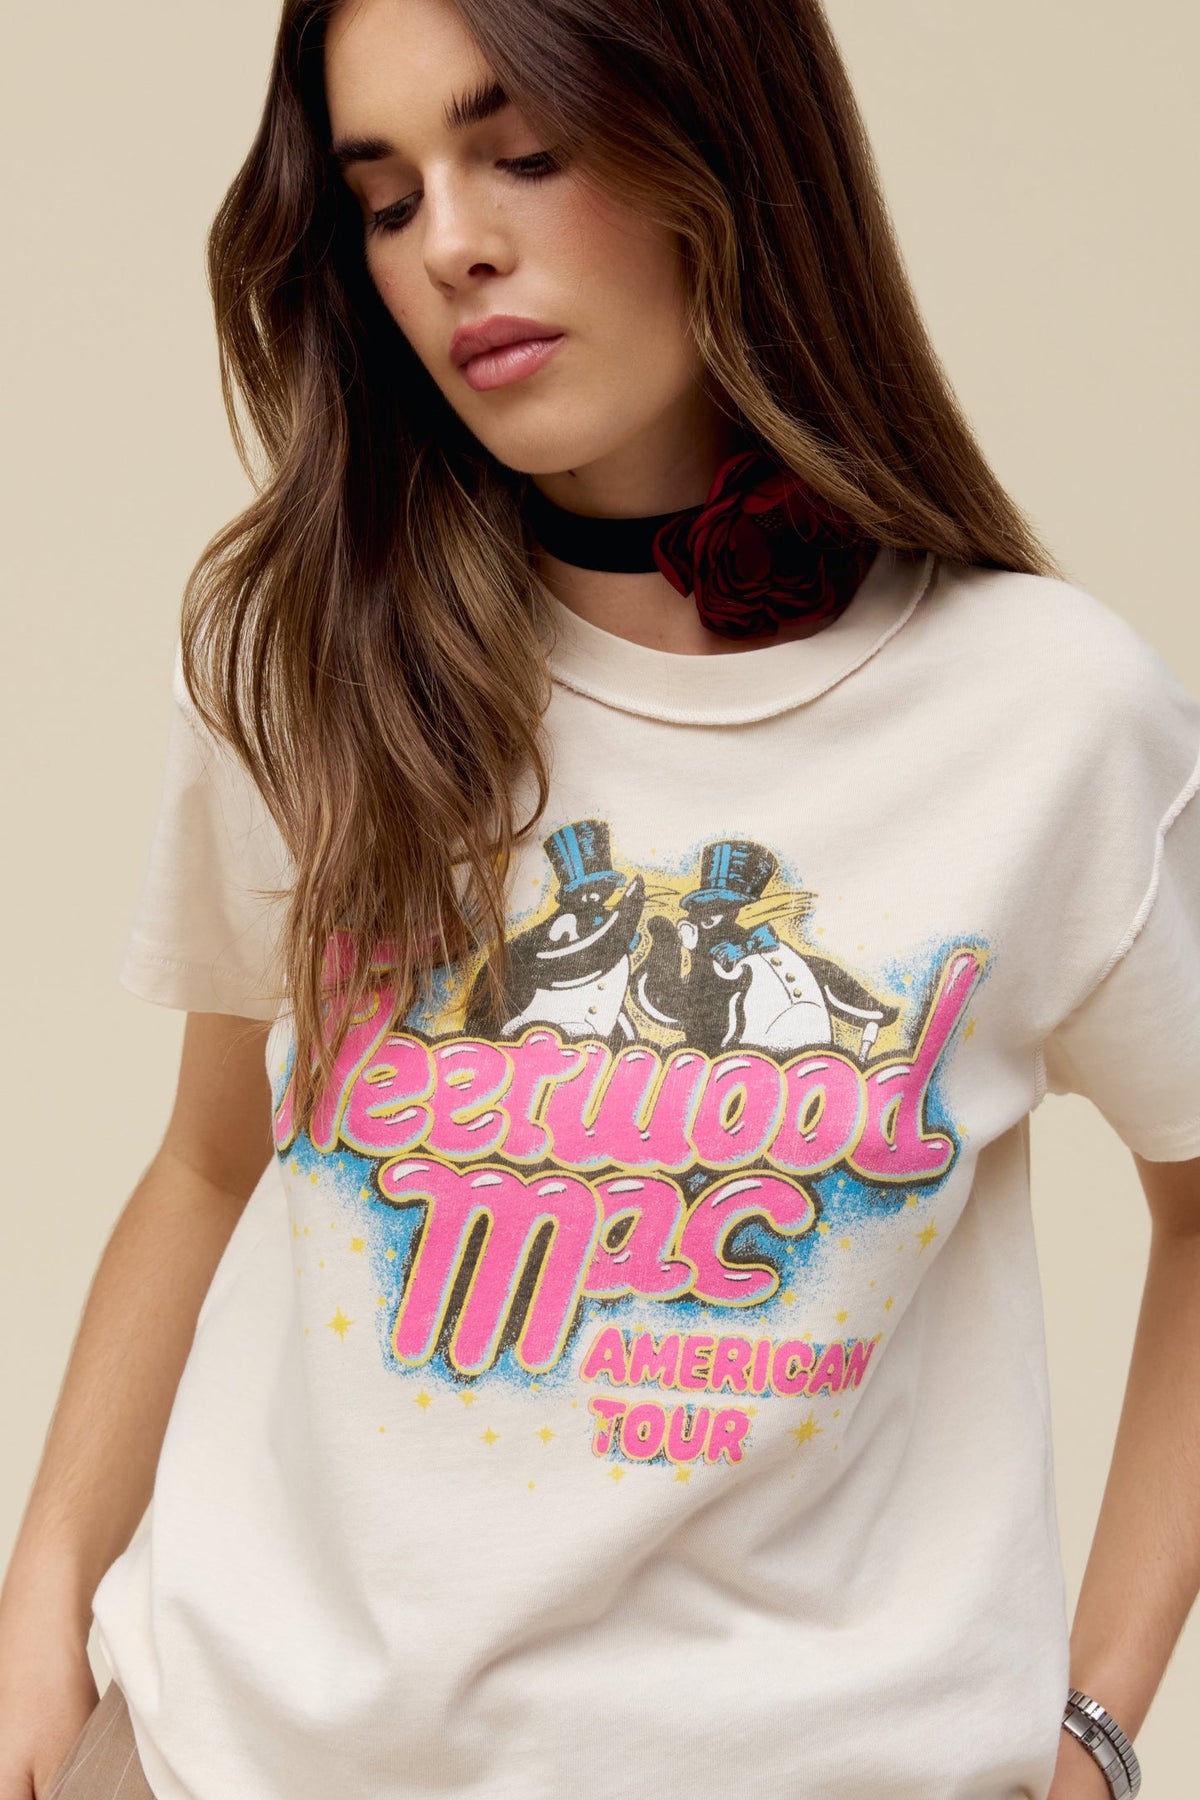 Fleetwood Mac American Reverse Tour Tee
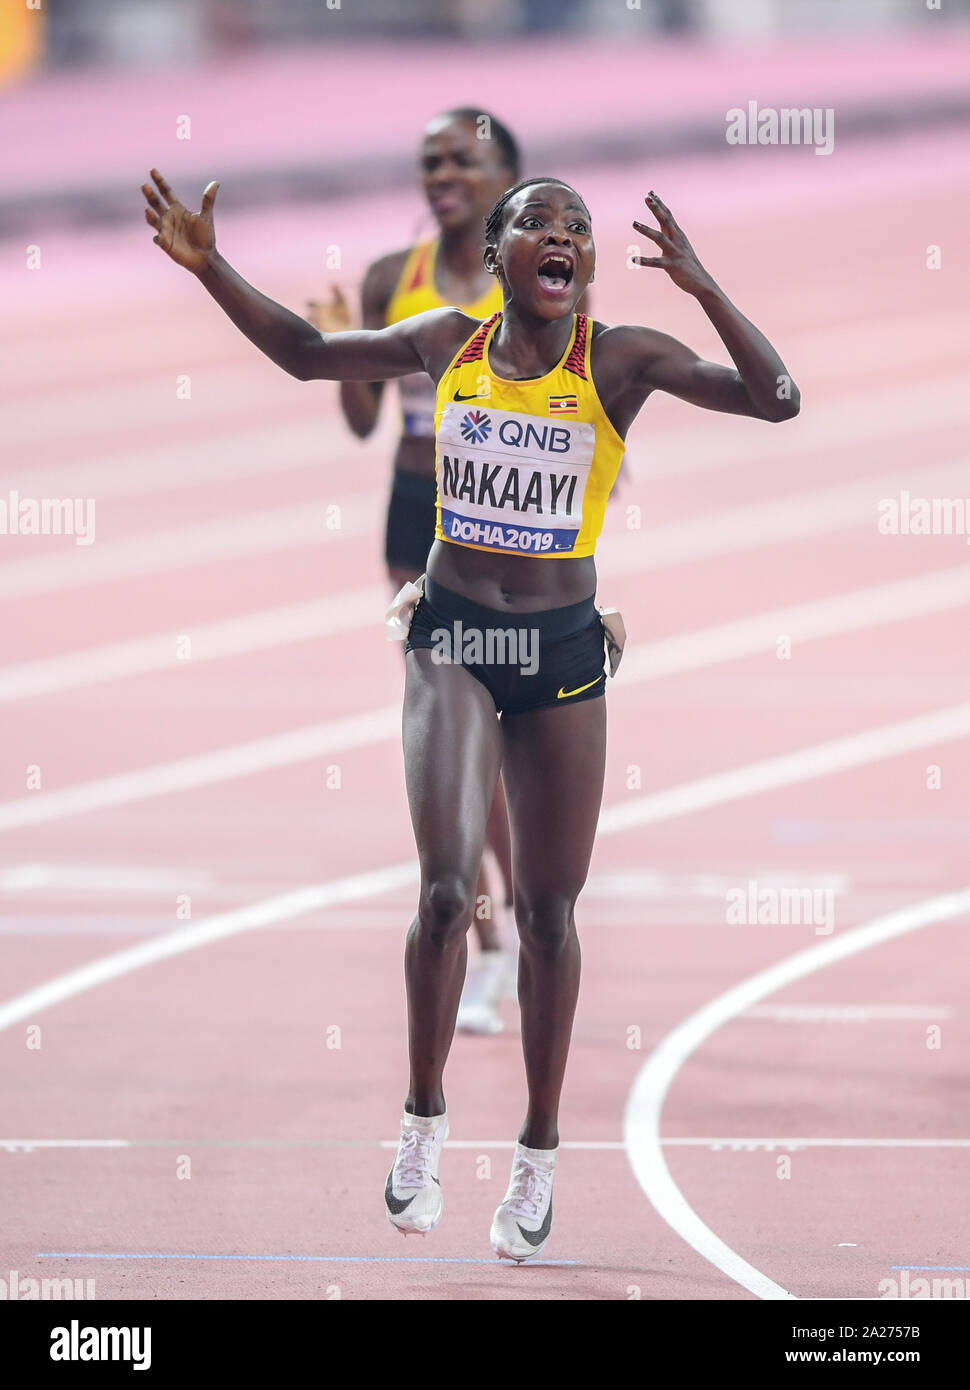 Halimah Nakaayi (Uganda). 800 m Goldmedaille. IAAF Leichtathletik WM, Doha 2019 Stockfoto
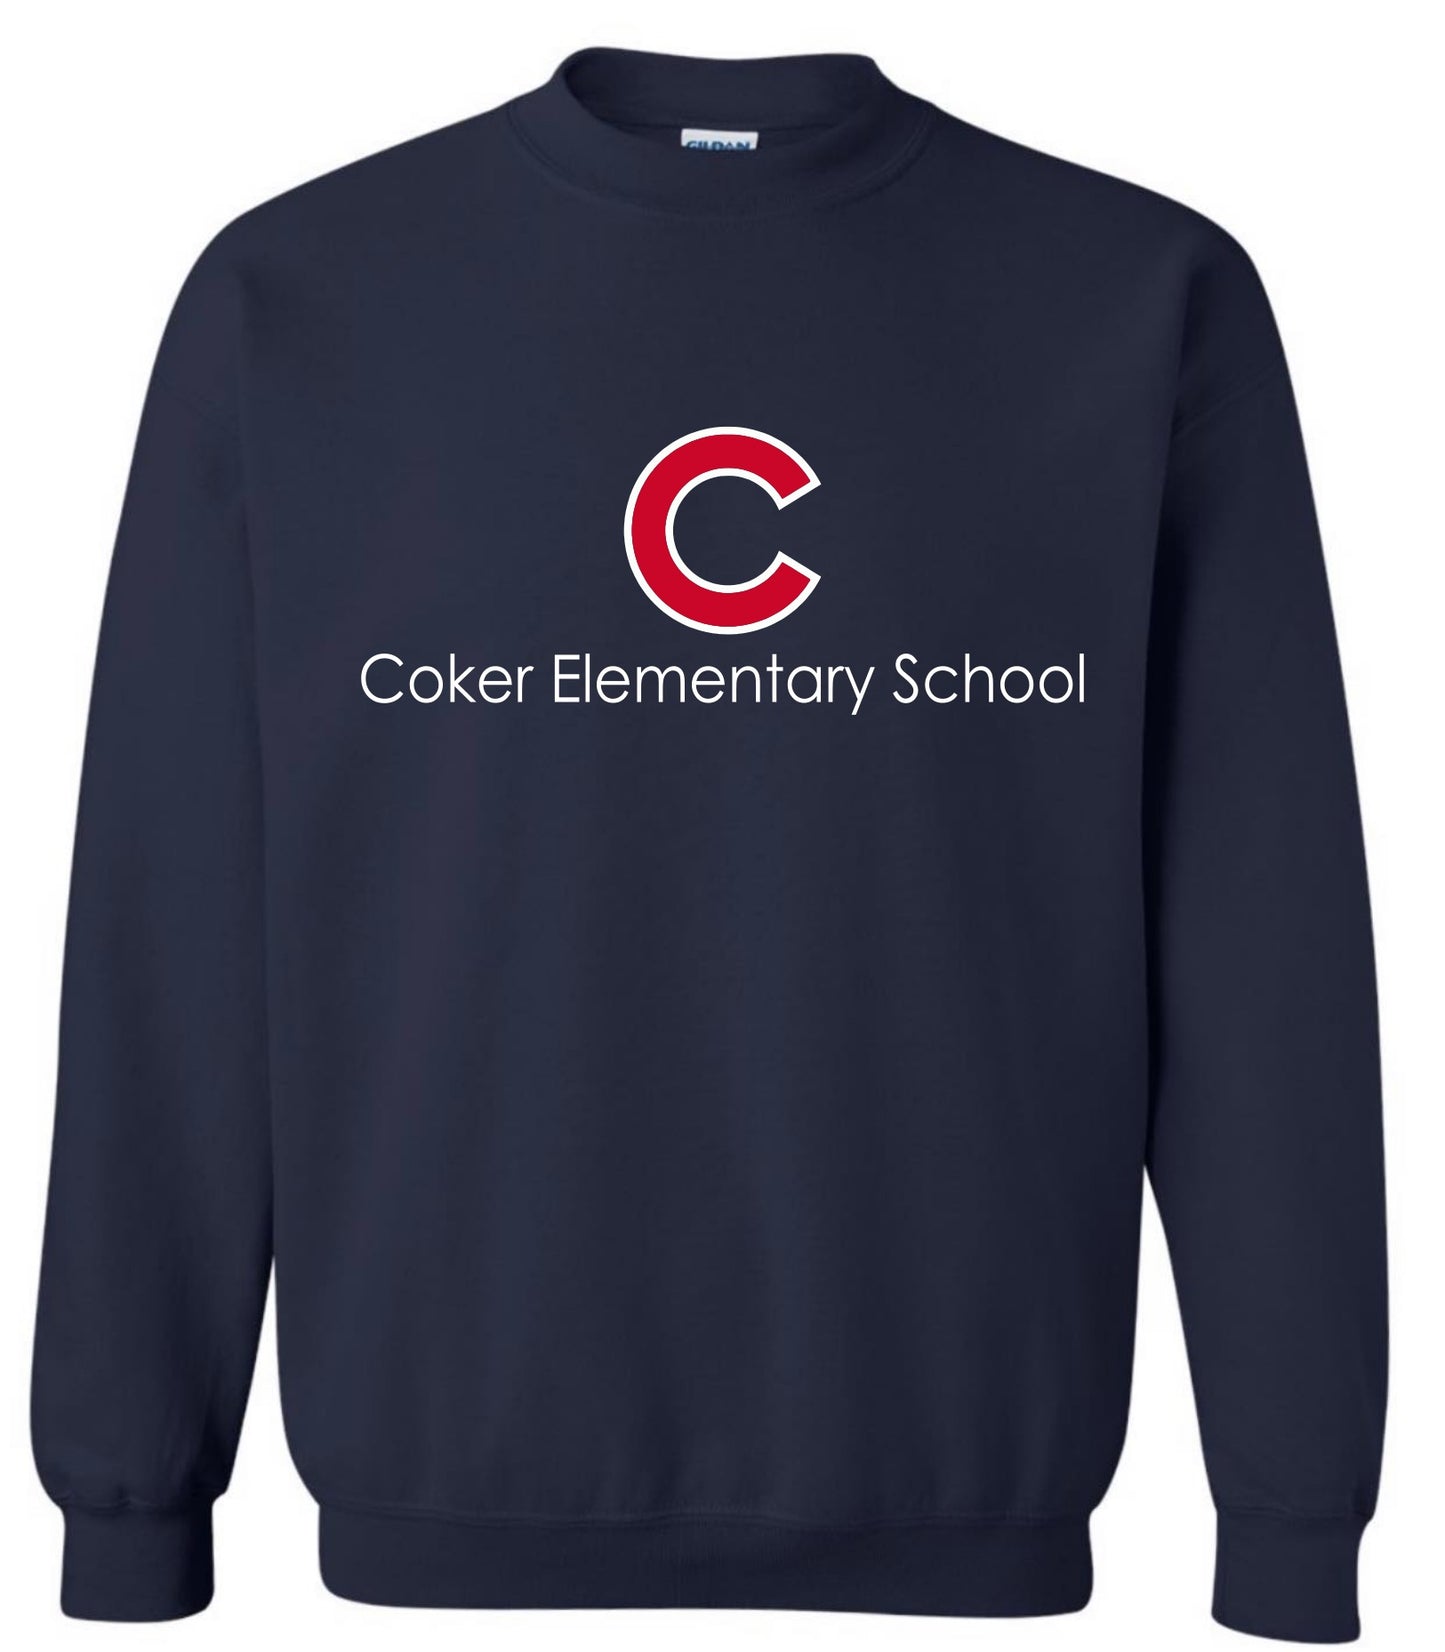 Coker Elementary School Sweatshirt

========================================

**What the task asks**
Before writing out the material above, please remove its pictures; everything else stays exact.

**Written answer**
 Fleetwood Mac American Reverse Tour Tee
 Halimah Nakaayi (Uganda). 800 m Goldmedaille. IAAF Leichtathletik WM, Doha 2019 Stockfoto
 Coker Elementary School Sweatshirt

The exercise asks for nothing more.